> **Task item**
Omit all pictures, then retype exactly the lines from the one that contains "RunCam Night Eagle 2 Pro" through the end of the listing.

> **Exercise data**
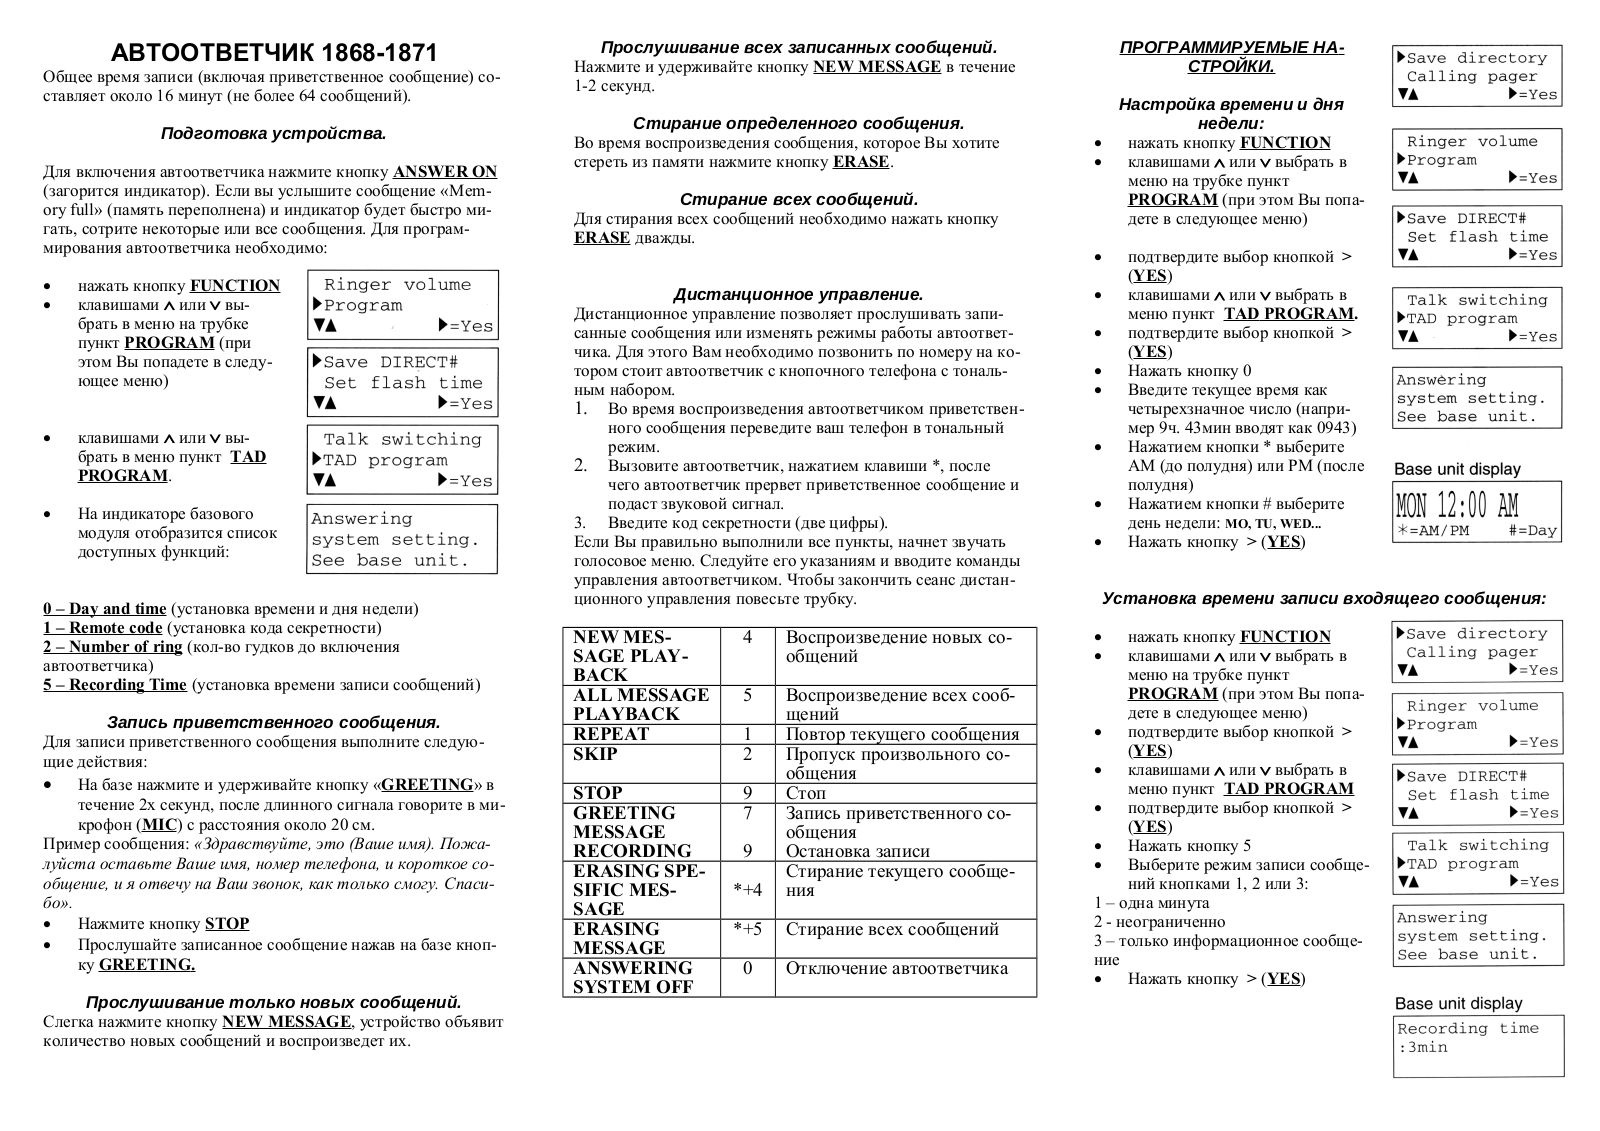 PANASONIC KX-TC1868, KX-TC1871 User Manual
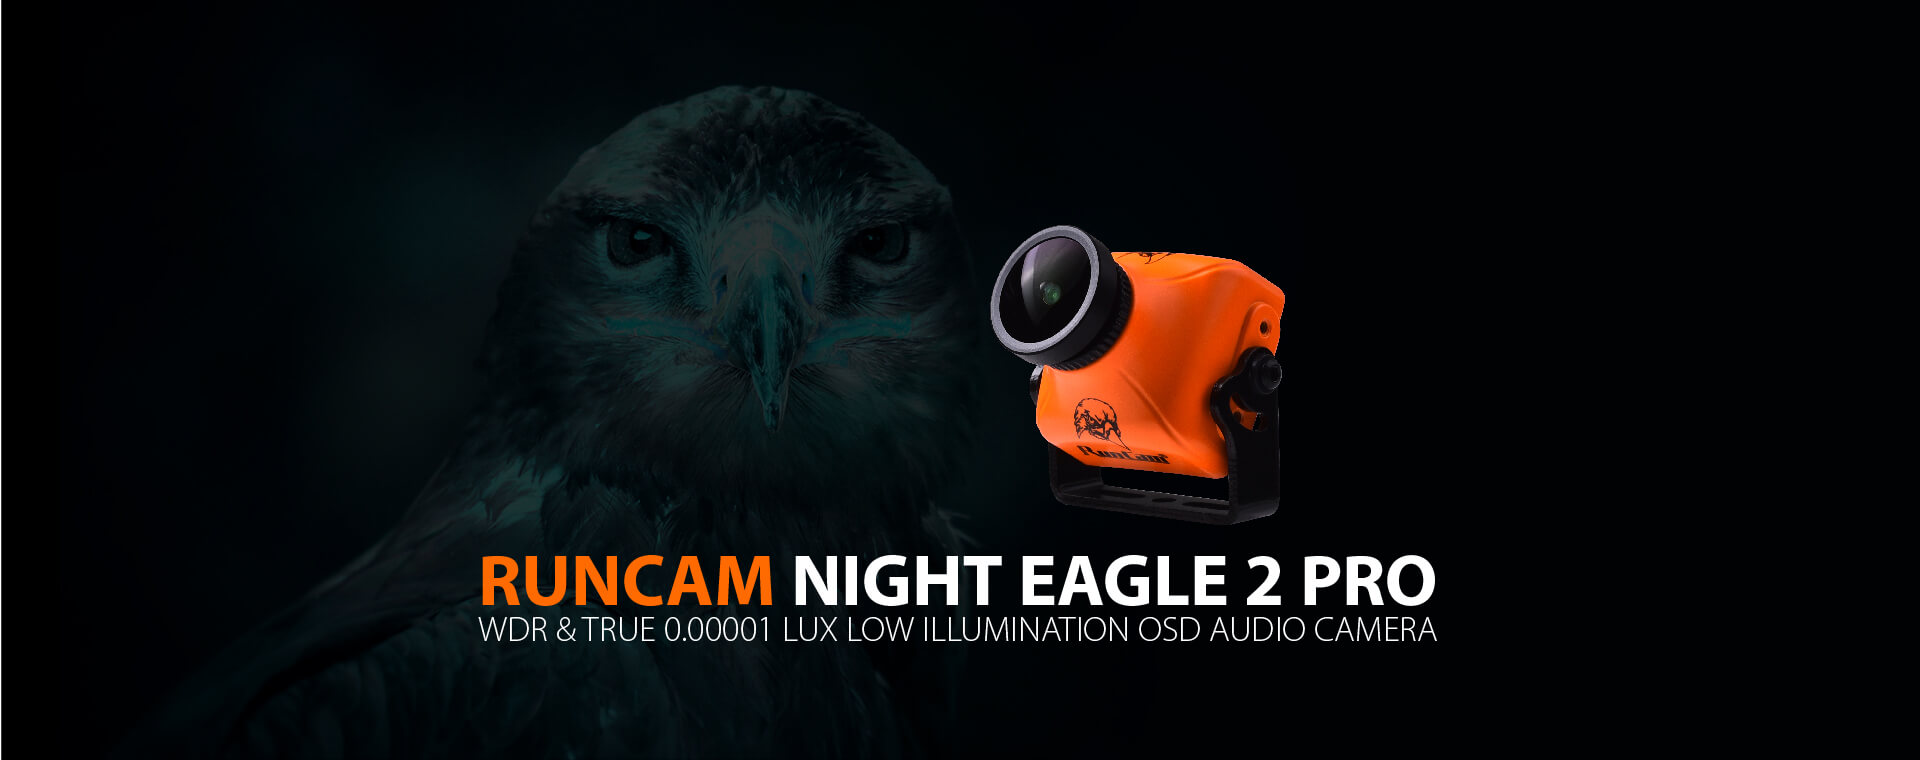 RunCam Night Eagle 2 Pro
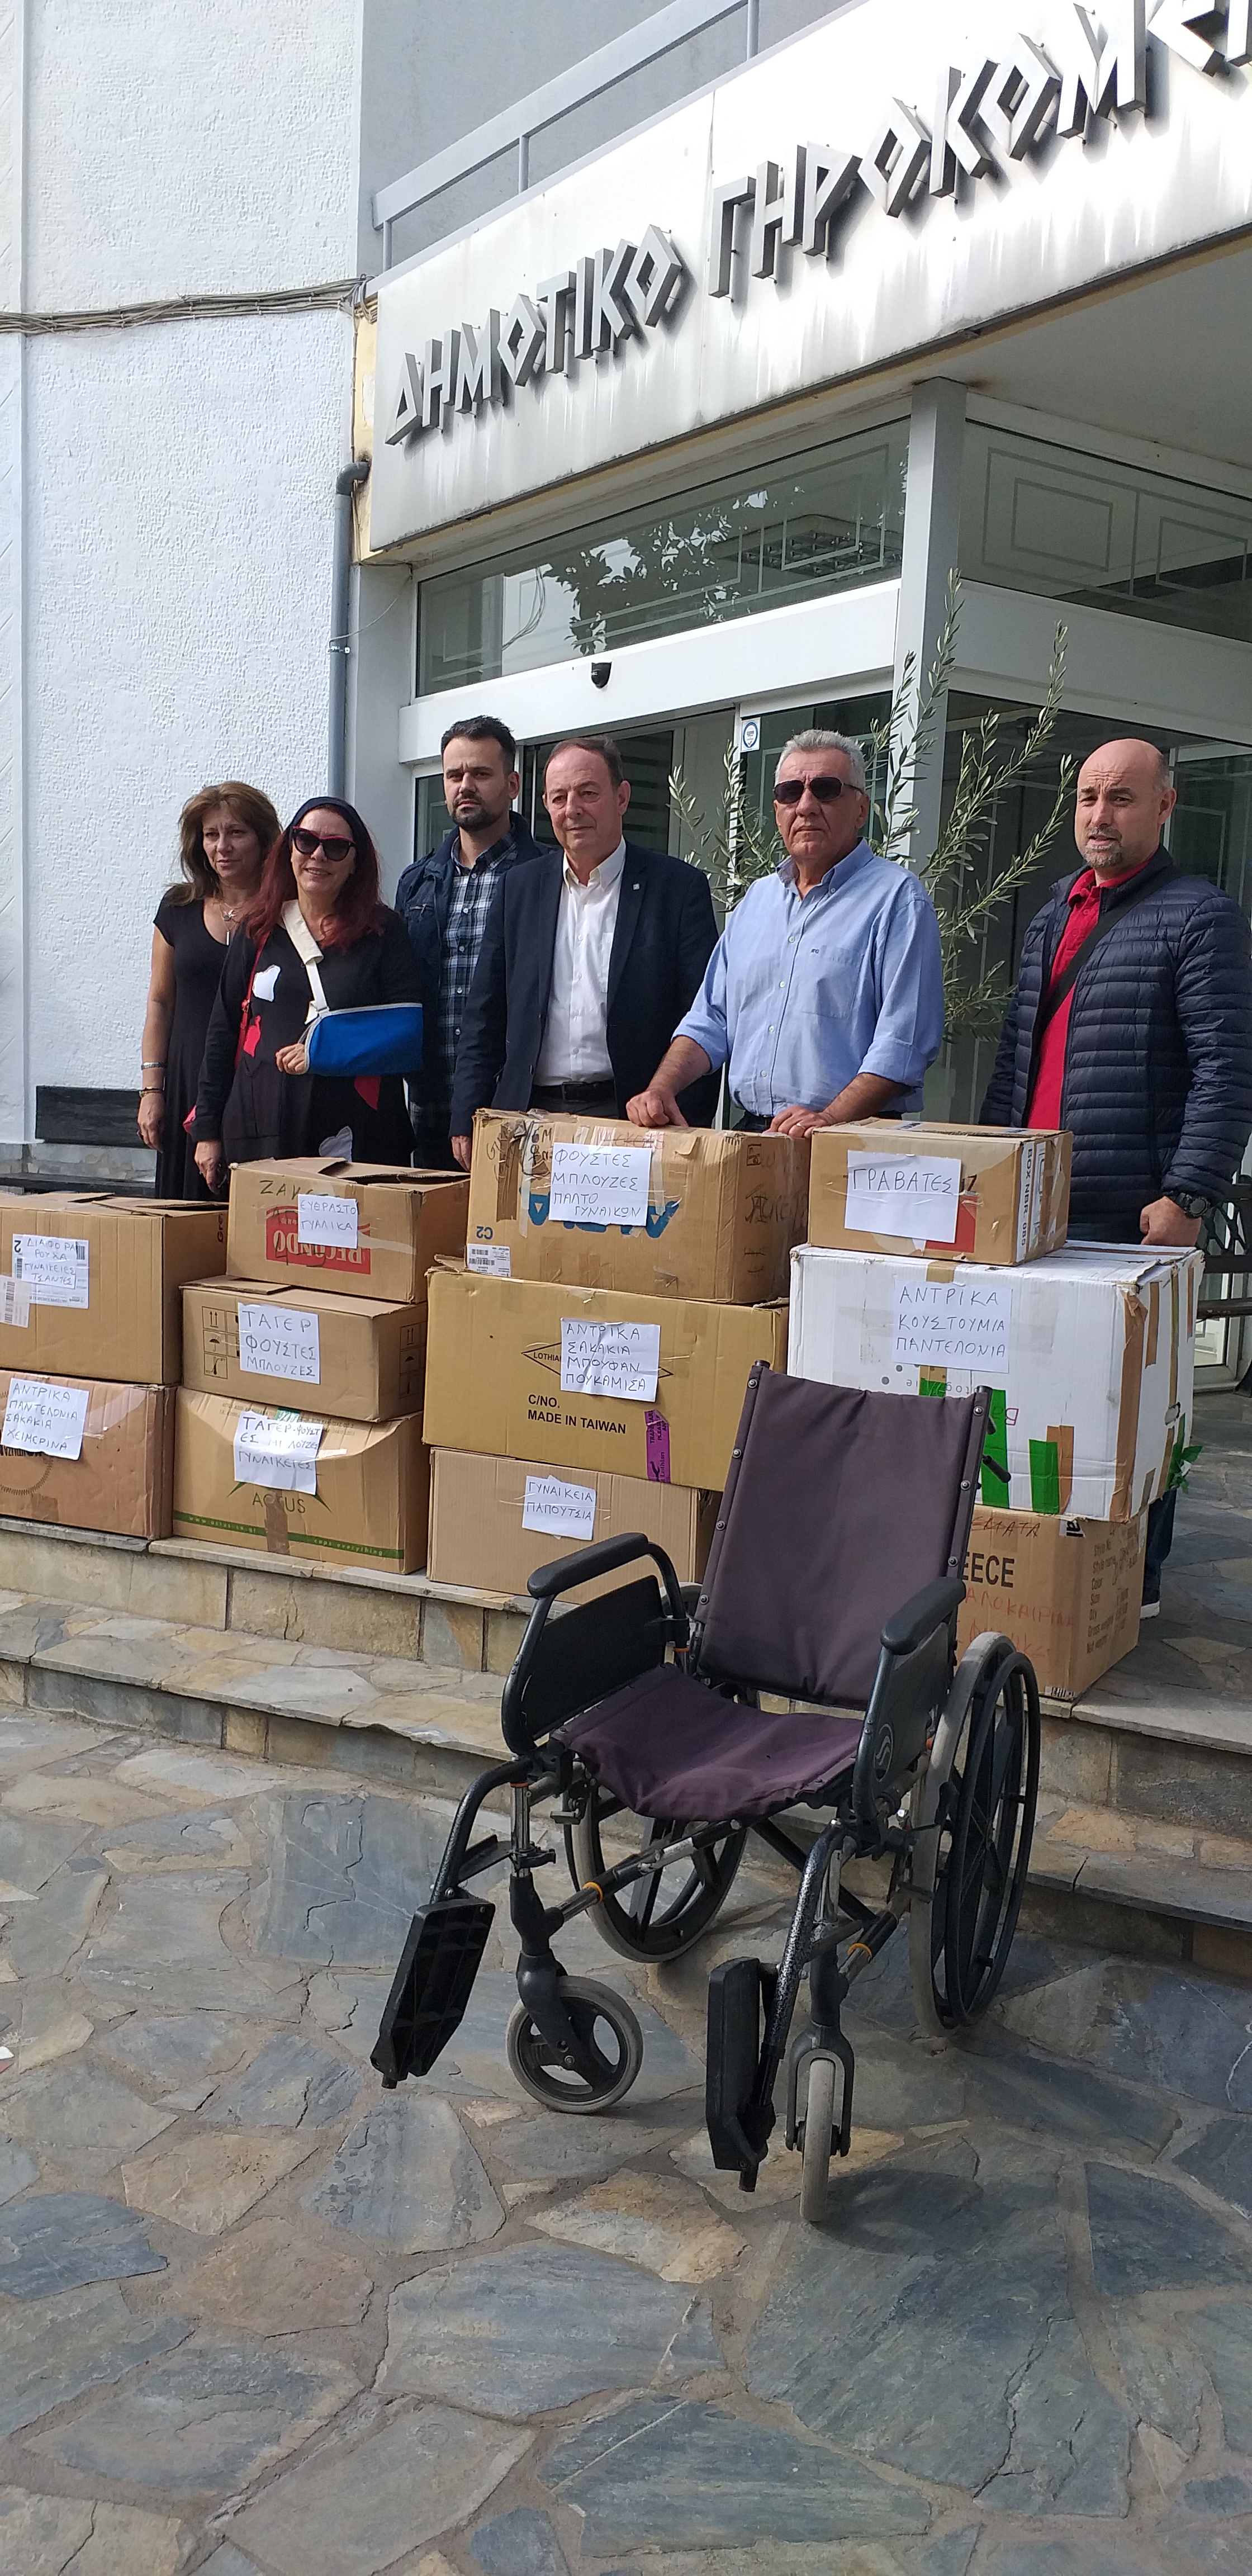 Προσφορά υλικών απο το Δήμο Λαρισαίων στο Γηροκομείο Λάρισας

> **Answer box**
 RunCam Night Eagle 2 Pro
 Προσφορά υλικών απο το Δήμο Λαρισαίων στο Γηροκομείο Λάρισας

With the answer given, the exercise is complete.